Tellis rejects the “more of the same” option of expanding India’s underground storage facilities, showing persuasively that it would prove costlier to accomplish than it would for China to simply expand the number of weapons needed to destroy them. Rather, he argues, India’s solution is to be found in stealth and mobility. This could be achieved by creating a nuclear ballistic missile submarine force and by shifting more of India’s arsenal to mobile road and rail missile launchers.

Comment by Riaz Haq on May 26, 2023 at 10:04pm

The Budding Arms Race Among China, India, and Pakistan
By Andrew F. Krepinevich, Jr.
May 26, 2023


https://www.foreignaffairs.com/china/nuclear-collision-course-south...



As for China’s air and missile defenses, Tellis points out that India might address the problem by deploying penetration aid decoys on its missiles. These decoys are designed to present themselves as actual warheads to missile defense radars, thereby inducing the defender to expend precious interceptor missiles engaging false targets. This would offset, if only partially, New Delhi’s need to expand its nuclear arsenal.


The United States could provide India with a reliable thermonuclear weapon design.
Yet even if India were to pursue these actions, it would still face significant challenges. The threat of a Chinese preemptive strike may compel India to develop an effective early warning system to enable it to reduce its arsenal’s vulnerability by sending its weapons out to sea and flushing its land-based missiles from their silos. New Delhi would also have to establish a new command-and-control system to direct the actions of its nuclear submarines. Yet while India is in the process of constructing nuclear-powered ballistic submarines, it still has a long way to go in building a significant force and overcoming the technological hurdles necessary to create a credible seaborne nuclear deterrent. Tellis notes that among these challenges, New Delhi is experiencing problems with its naval nuclear reactor designs.

Then there are India’s nuclear weapons.

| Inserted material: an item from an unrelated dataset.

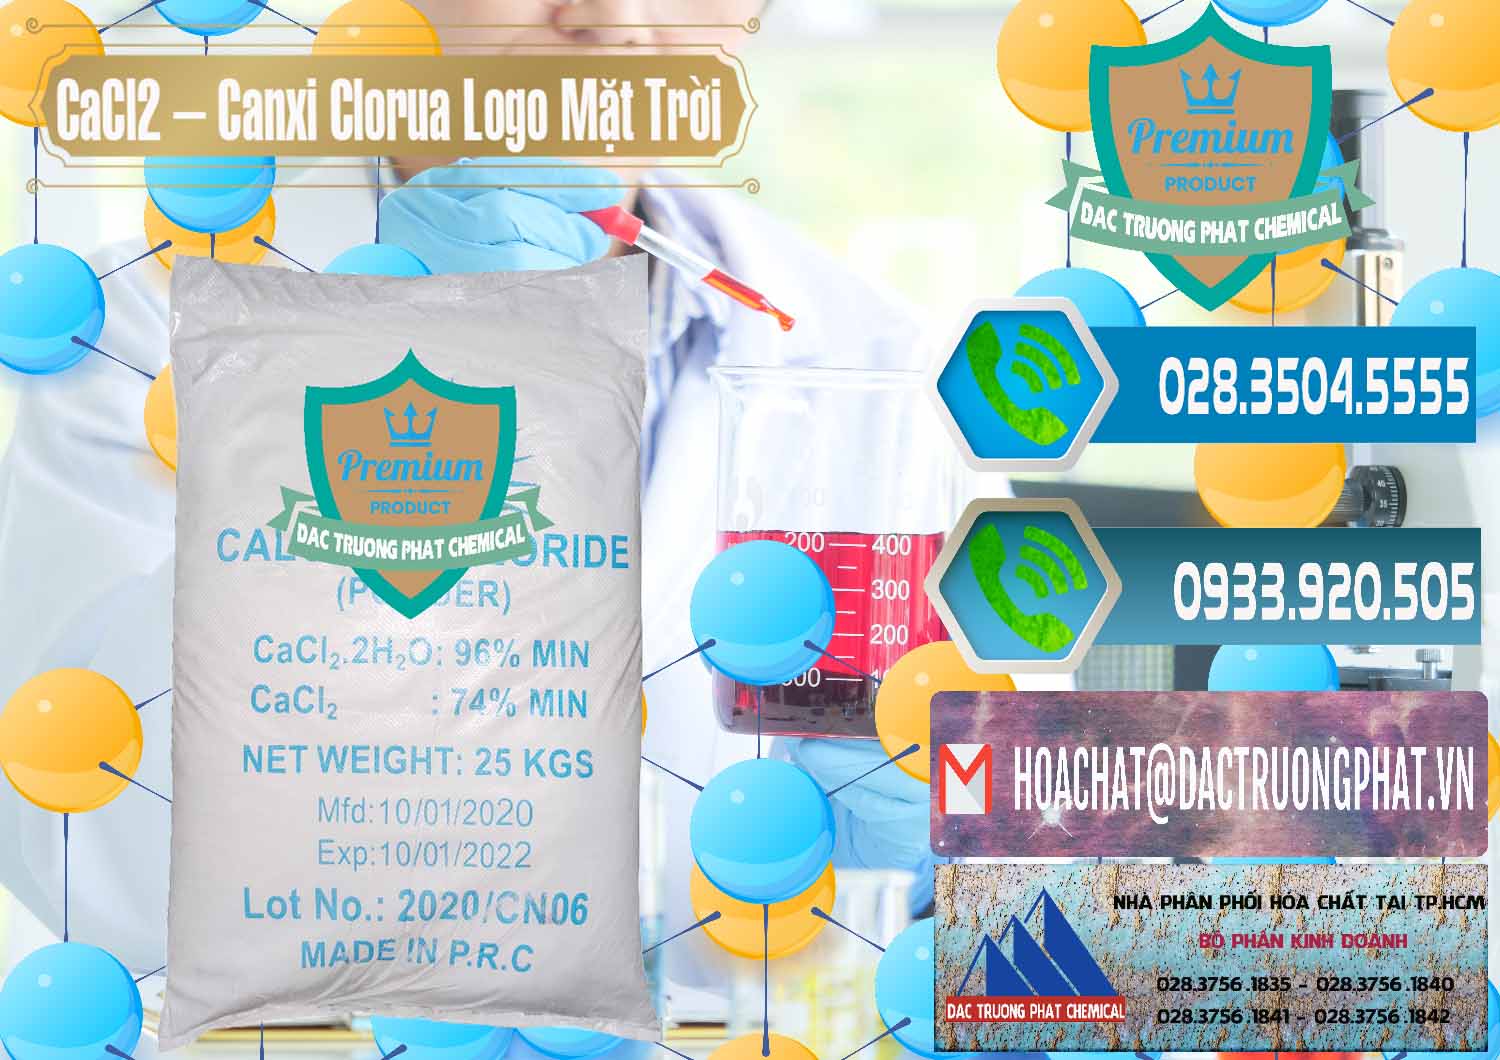 Đơn vị chuyên kinh doanh và bán CaCl2 – Canxi Clorua 96% Logo Mặt Trời Trung Quốc China - 0041 - Bán & cung cấp hóa chất tại TP.HCM - congtyhoachat.net

New Delhi has only conducted a handful of nuclear tests—not enough to validate its thermonuclear designs to offer high confidence that these weapons will perform as designed. Its most reliable weapon has a yield of 12 kilotons, whereas China’s weapons have yields as much as 100 times greater. Addressing these shortfalls may require India to resume testing—and risk incurring sanctions from the United States and other nations.

Tellis hints at a tantalizing solution to India’s problems. The United States could provide India with a reliable thermonuclear weapon design. The trilateral security pact among Australia, the United Kingdom, and the United States that is known as AUKUS, which will assist Australia in acquiring nuclear-powered submarines, could be expanded to include India. Might the Americans also share their nuclear reactor designs with New Delhi? But for this to happen, India, which has kept the United States at arm’s length practically since its birth, would have to finally and firmly close ranks with the leading Indo-Pacific democracies and formally forsake the nonaligned strategic autonomy it has long enshrined at the heart of its foreign policy.